Machine Learning Engineering: Professional Guide | Build 50 Production Models | Including MLOps

Posted By: naag

Machine Learning Engineering: Professional Guide | Build 50 Production Models | Including MLOps
English | June 26, 2025 | ASIN: B0FFTNMX37 | 400 pages | EPUB (True) | 1.55 MB

Machine Learning Engineering: Professional Guide Build 50 Production Models Including MLOps
By Henry Codwell

Master the full machine learning lifecycle—from prototype to production—with this groundbreaking professional guide that delivers unmatched depth, clarity, and hands-on power.

Whether you're a software engineer transitioning into AI, a data scientist ready to productionize your models, or a seasoned ML engineer looking to sharpen your edge, this book is your complete roadmap to building robust, scalable, and reliable machine learning systems that thrive in the real world.

Inside, you’ll build 50 production-ready ML models across diverse domains—NLP, computer vision, time-series forecasting, recommendation systems, unsupervised learning, reinforcement learning, and more. Each project is meticulously designed to simulate real-world challenges, giving you the hands-on experience employers and startups demand.
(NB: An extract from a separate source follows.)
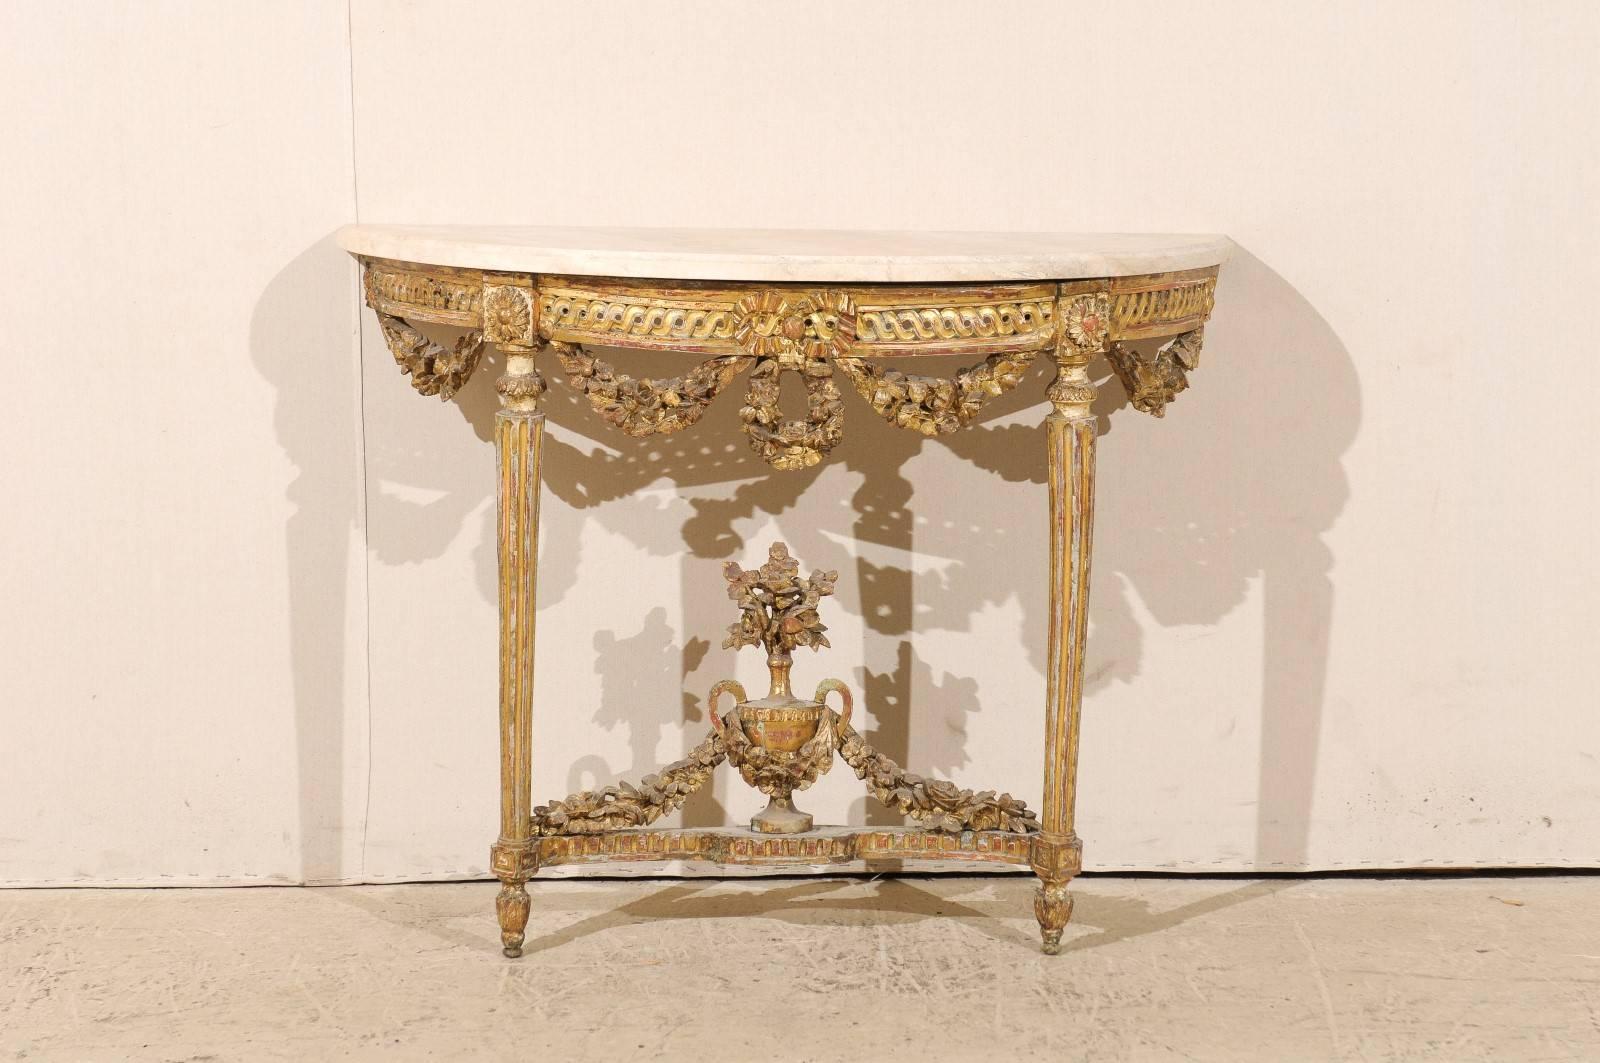 An Italian early 19th century marble-top console table. This beautiful giltwood console table with white marble top features a nicely carved apron with hanging floral swags and guilloche motif. The two legs, topped with floral accents, are tapered

But this isn’t just about building models—it’s about engineering them. You’ll learn how to:

Navigate the full machine learning lifecycle, from data engineering and feature design to monitoring and retraining

Apply MLOps best practices using MLflow, Kubeflow, Docker, FastAPI, and cloud platforms like AWS SageMaker and Google Vertex AI

Optimize and deploy models for real-time inference, scalability, and maintainability

Ensure ethical and responsible AI with explainability, fairness, and privacy-by-design principles

Future-proof your skills with advanced topics including federated learning, model compression, AutoML, and multimodal AI

The book features:

600+ pages of practical content written with clarity and purpose

A companion GitHub repository with all 50 production models, deployment scripts, and datasets

Case studies across industries like finance, healthcare, and retail

A bonus career guide to help you build a standout ML engineering portfolio and prepare for interviews

This isn’t a book you read once—it’s a professional toolkit you’ll return to for years. With a unique blend of depth, practicality, and foresight, Machine Learning Engineering positions you not just to follow trends, but to lead the future of AI.

If you’re serious about machine learning in production, this is the book that delivers.